Thursday 7 October 2010

Water, worries and wonders

While the Greeks excelled at grace, beauty and elegance in construction, the Romans were giants of engineering, solidity and problem solving. Not many bits of Roman construction have I seen more stunning than the 1st century Roman aqueduct that began at its source, the Eure River at Uzes, and stretched 50 winding kilometres south to the baths, pools, fountains and homes of the fast-developing Roman city of Nimes. 

Partway along this aqueduct Roman engineers built an arched Roman viaduct bridge, which carried the water along its top tier: this is the famed Pont du Gard. Today, this bridge is one of the top tourist sites in France, a UNESCO site, and has been enthused over by poets, philosophers, stone masons and engineers since the day it was built, so, of course, we had to skip west into the Gard department to visit it. 

The Pont du Gard, itself, is beautiful enough to write a poem about. Aesthetically it is beautiful enough to be a Greek monument. It has three graceful arches of virtually dry-stone construction, quite astonishing! The stones to build it were precision-cut, and individual blocks, some as heavy as six tons. They were lifted into perfect position by massive revolving wheels and pulleys. Engineers left symbols and roman numerals on individually shaped stones advising builders of the required placement. We could still see many of these hieroglyphs high in the arches as we walked across the bridge. 

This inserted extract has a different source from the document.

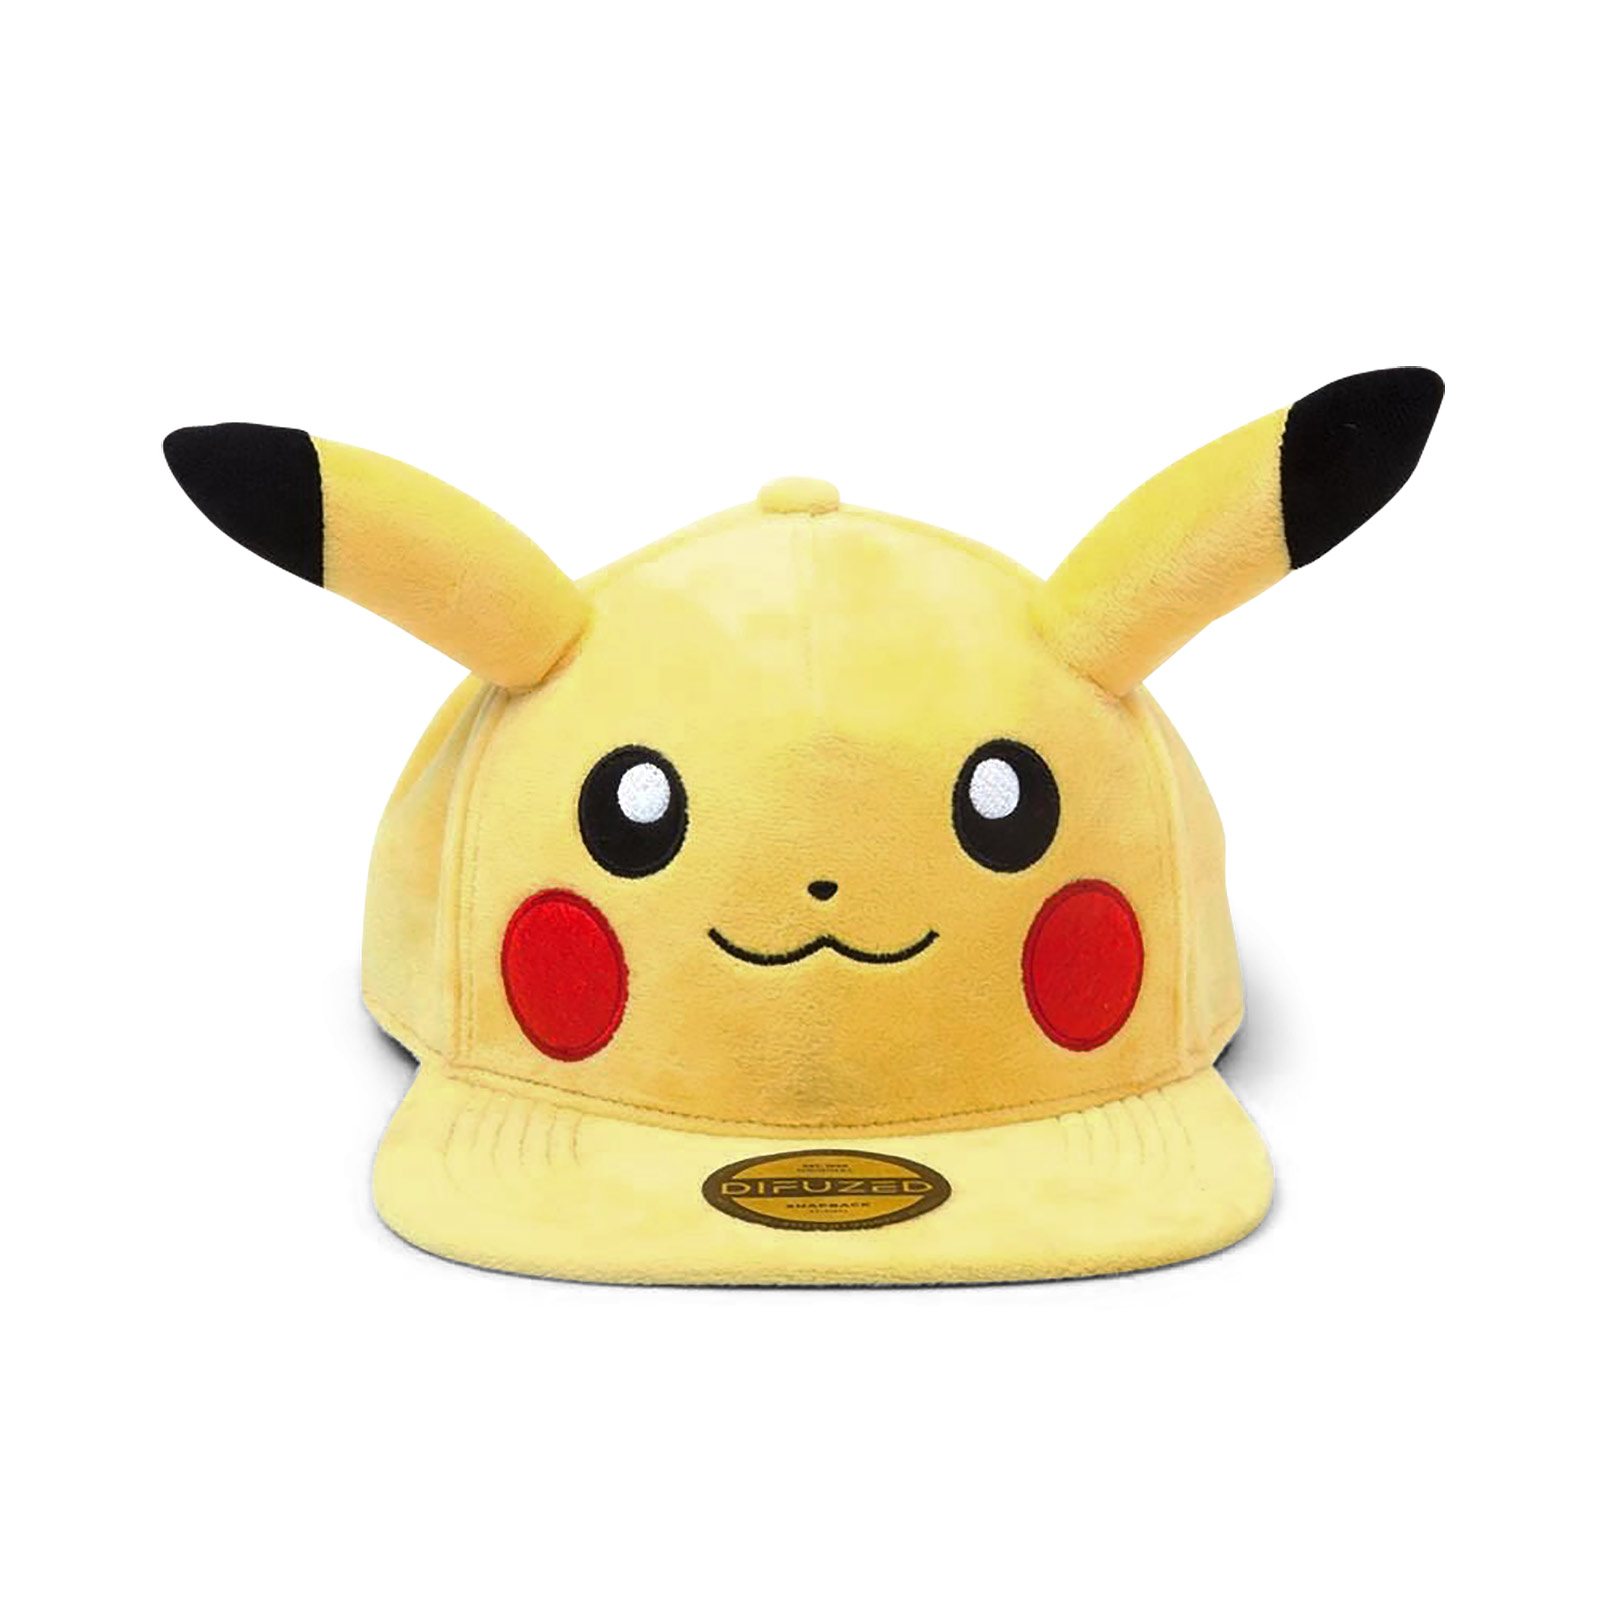 Pokemon - Pikachu Plush Snapback Cap

During construction, the open arcs of the arches were framed with wooden scaffolding and, even today, stones that were built to support these wooden structures, are still visible. Once the bridge was complete the wooden forms were cut away. 

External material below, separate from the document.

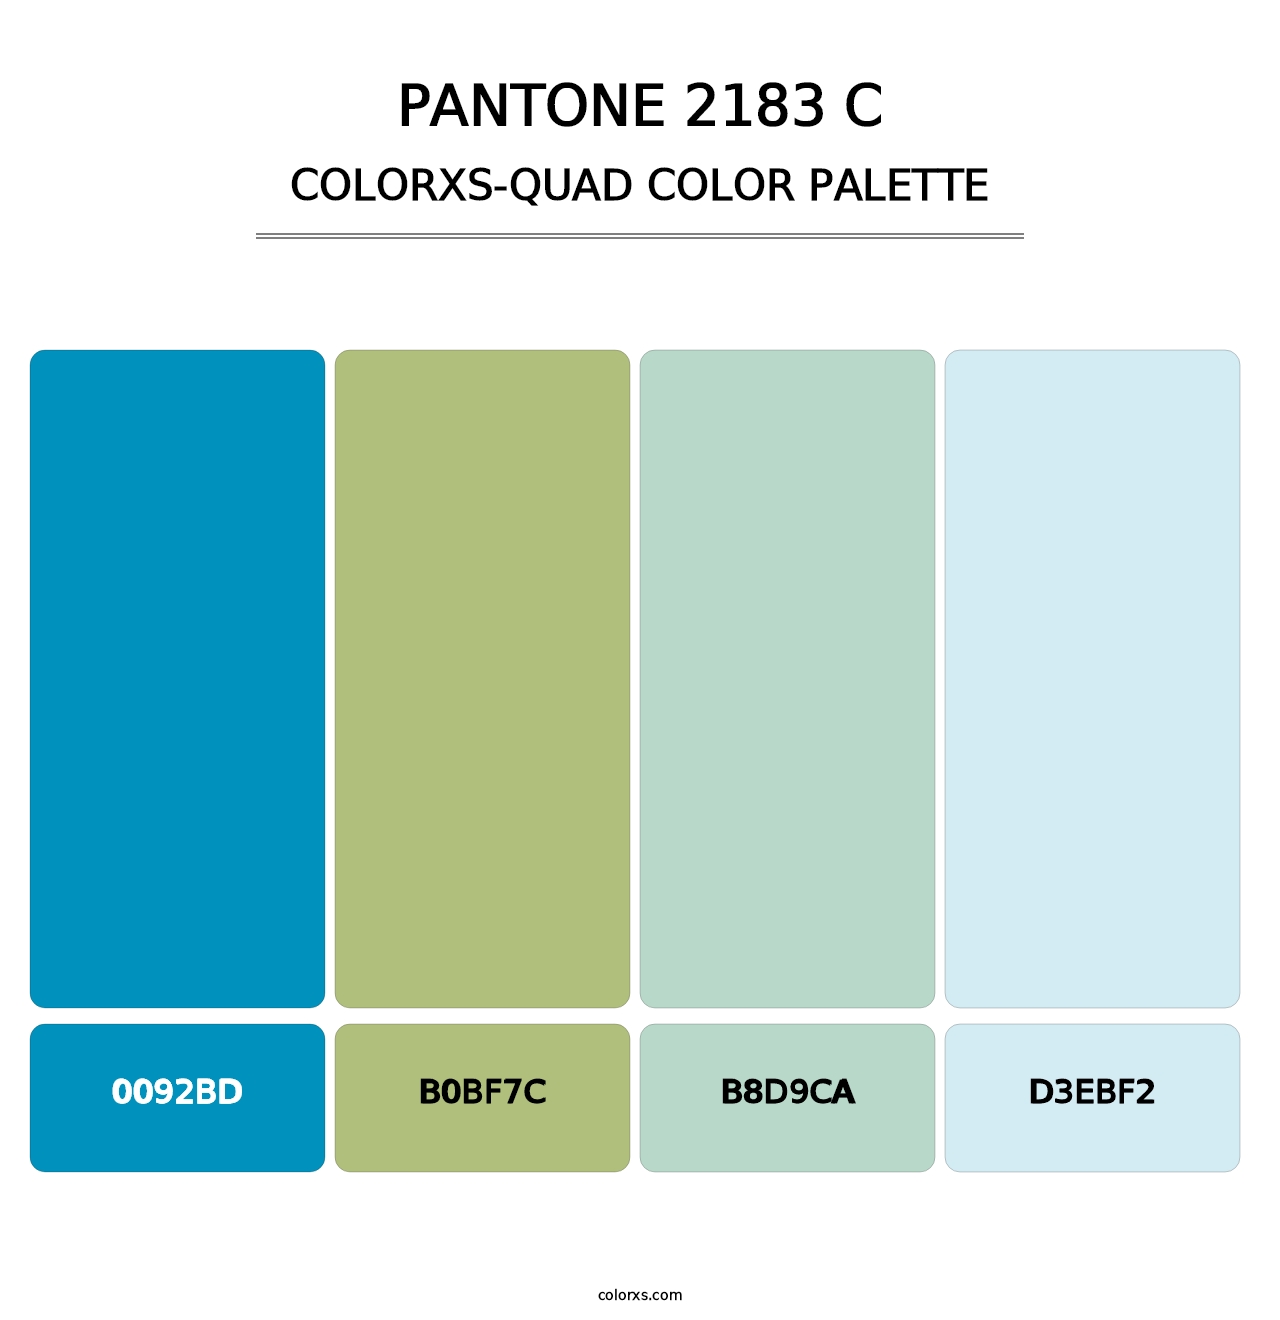 PANTONE 2183 C - Colorxs Quad Palette

It is not so much the bridge that is sensational, although it is. It is the enormity of the problems that the engineers faced and successfully overcame along the entire length of this water channel that speaks to the genius of this entire piece of work. Not only the thorough exploration of the surrounding terrain that determined the eventual design of this aquaduct is remarkable, but the decisions about how to get it working are amazing. 

Imagine thrashing out the pros and cons of building a length of channel 30kms underground and a further 20 kms aboveground with all those associated headaches. Or sussing out solutions for the preventative care for the base of the bridge, determining how it might withstand powerful potential floods. Or estimating how to keep water flowing for 50 curly kilometres under and above ground when you only have an astonishingly small 17 metre drop from source to city to play with. Or the complex reasoning needed to create the variable drops that then evolved in order to keep the water flowing. 

And the water did flow. The first drops took 27 hours to reach the city from the river. After that 200,000,000 litres flowed every single day for nearly 1,000 years and satisfied the Nimes demand. Utterly amazing! 

Added to which the French Government built a gobsmacking state-of-the-art Visitor’s Centre at the Pont du Gard site, to the tune of €32 million, filled with exhibition floors, museum displays, theatres and salons detailing and clarifying elements of construction. 

Yet, back in Eus, we have our little ne’er-do-well-du-maison that is constantly overflowing, causing hazards in the narrow streets. It has had the best minds in the Department bent to breaking for weeks, months and even some years to date, and still they’ve come up short on solutions for it. Call in the Romans, I say!